Outside Study. — If possible, outside study and auxiliary training in evening schools to supplement the work in the shop should be a part of every boy’s training. When evening schools are not available or suitable, private instruction or home study can be resorted to. Such study, in addition to the knowledge gained, gives confidence to the student and should be a means of developing character and those qualities that will make a boy feel like holding his head up in the world and taking for him- self that social position that some claim is not accorded to the mechanic or other manual worker, so that he will feel no lowering of social standing” as compared with clerks and others whose work does not require the same degree of manual skill.

The necessity for this auxiliary training makes a field for the extension of industrial schools to be within reach of more and more workers, and such schools can be of help to both apprentices and operators of machines; the more practical they are made and the more experience with real work their instructors can have, the more probability there will be of their training the students to meet the needs of manufacturers.

Competent Oversight. — The apprentices should be in charge of a competent man whose duty in whole or in part should be to see that a proper selection is made in hiring new boys. He should look after their general welfare, keeping an oversight of them both inside and outside of the works, encouraging, correcting, and teaching without such a show of paternalism as to take away the boy’s self-reliance, but working in sympathy with him and keeping such watchfulness as to see that he gets a fair deal.

In small shops, where but a few apprentices are employed, the superintendent or manager can take this duty upon himself.
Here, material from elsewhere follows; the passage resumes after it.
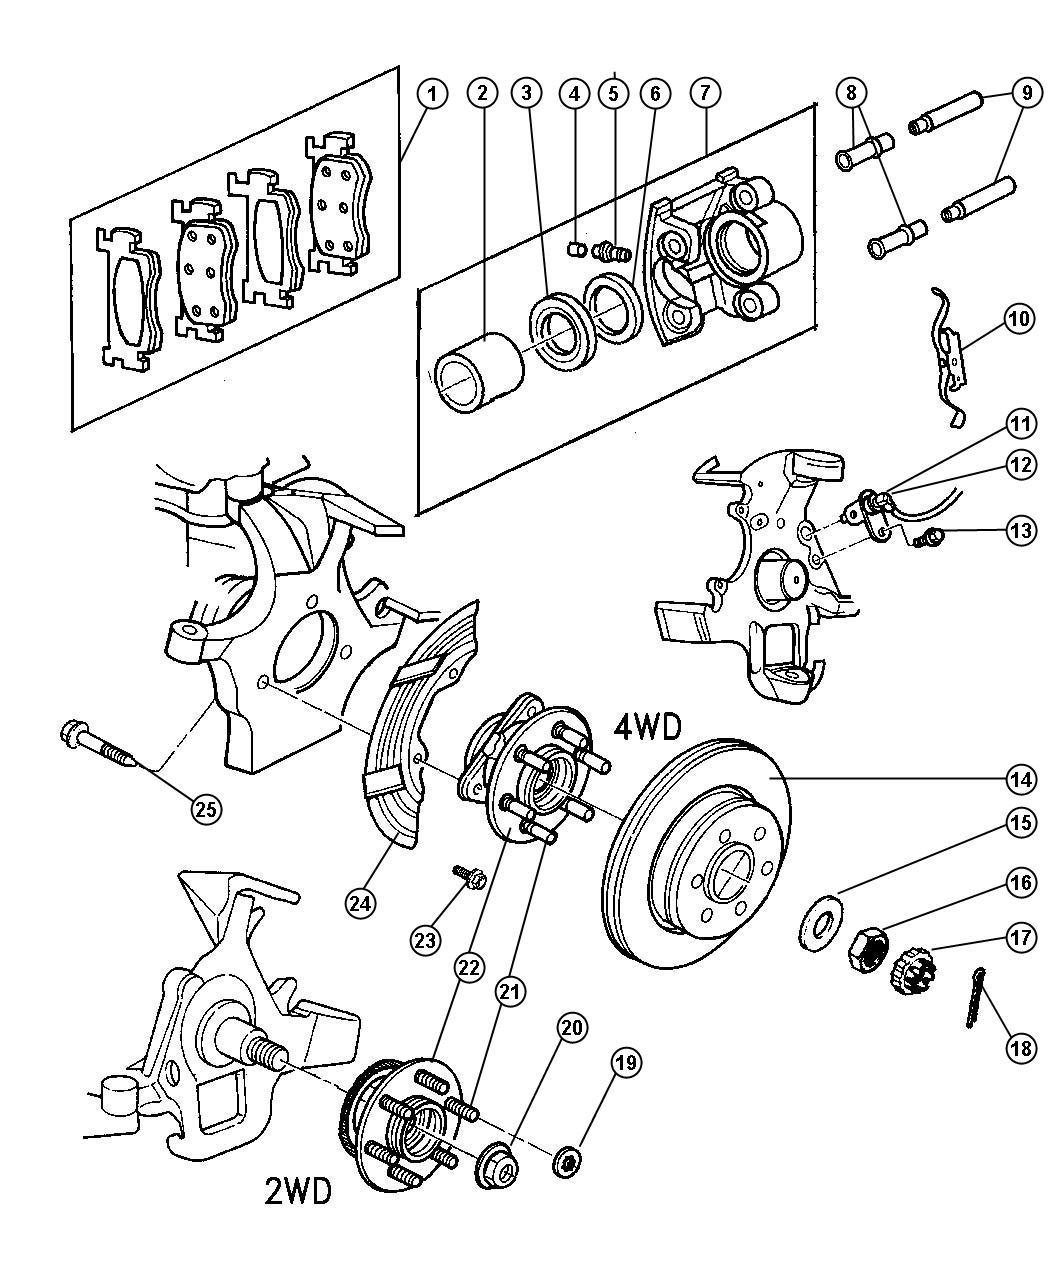 1999 dodge ram 1500 front axle diagram 2002 subaru impreza stereo wiring durango caliper left disc brake reman loaded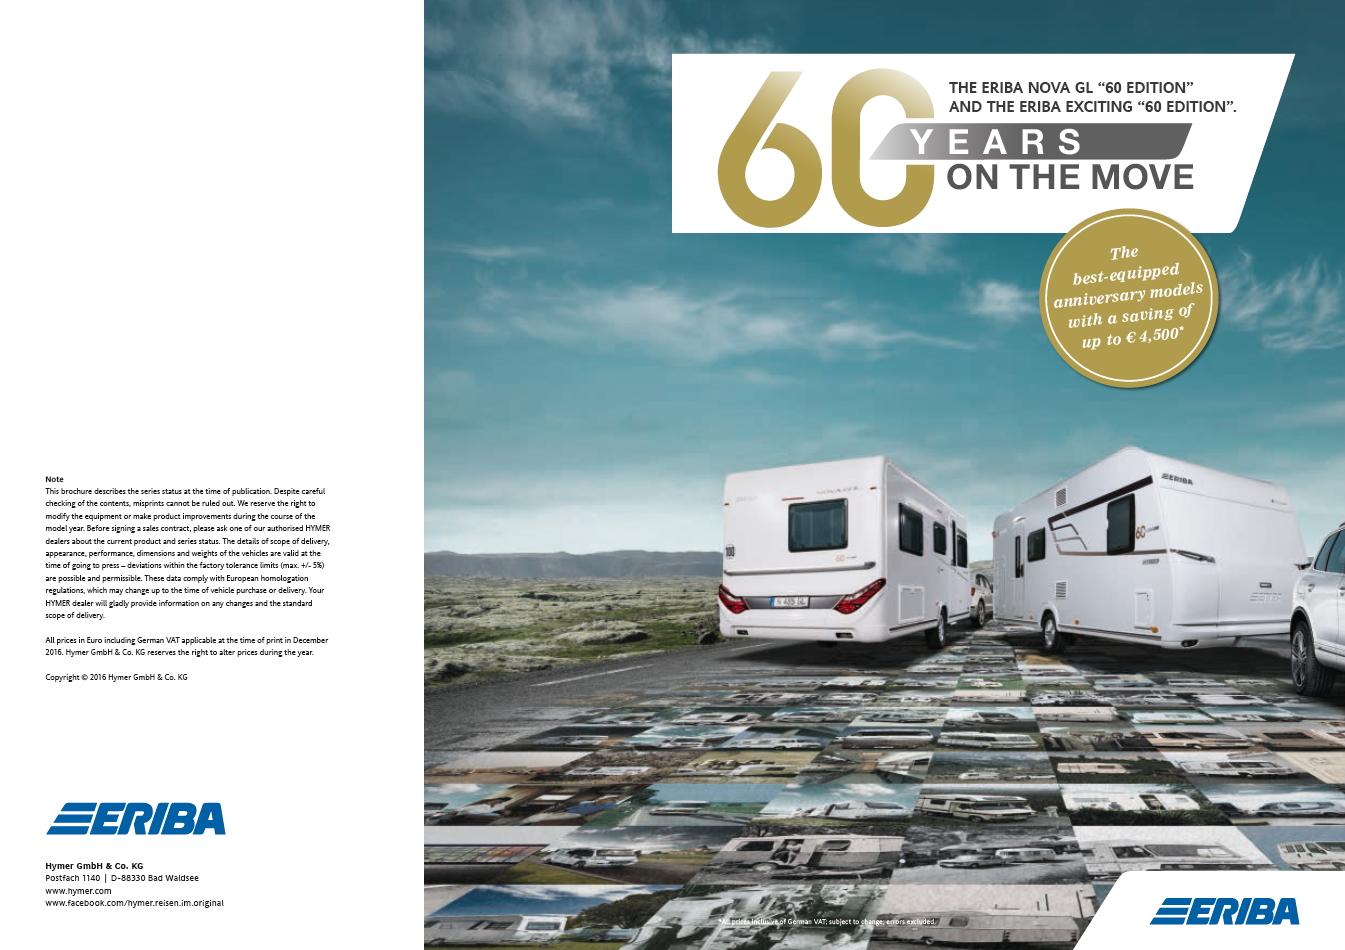 Eriba nova GL 60 Edition

In the larger works, however, where a large number of apprentices are employed, it becomes important to have a man who can give much, or all, of his time to this work. Every shop, however small, should be looking to the
future in the training of boys, by a system of apprenticeship, to shoulder the responsibilities of the work later: and it is to the wide extension of such a policy that we can look for the greatest future development of skill.

Among some notable examples of the modern development of the apprenticeship system in the larger manufactories are those of the Westinghouse Companies, in which the apprentices are classified according to education and previous experience, and this classification determines their course of training. The Baldwin Locomotive Works also classify their apprentices, training each class for some particular one of the various needs of the work. Evening study is required as a part of their course. The General Electric Company also require study as a part of their apprenticeship system, and five hours a week are taken from working time for that purpose. The system in successful operation at their Lynn works is well described in an article by M. W. Alexander in the September issue of “Machinery.” At the Brown & Sharpe Manufacturing Company’s works, the apprenticeship system has been a factor in the success of the business from the start and, as time goes on, is being given more and more the attention that its importance warrants. Many of the most important positions in the works are filled by former apprentices.

Any employer who pursues a policy of promoting the tried men in his employ, thus establishing the feeling that successful endeavour will win promotion, is building on a solid foundation. In this way boys starting to work in early life and proving capable and faithful, can put themselves in line of promotion sooner than when more time is spent in preliminary outside training. The industrial schools of America should have all the encouragement possible, but should not be held before the youth of the land as giving an adequate substitute for the modern apprenticeship system to develop skill in a given trade; rather both should work hand in hand for the accomplishment of that end.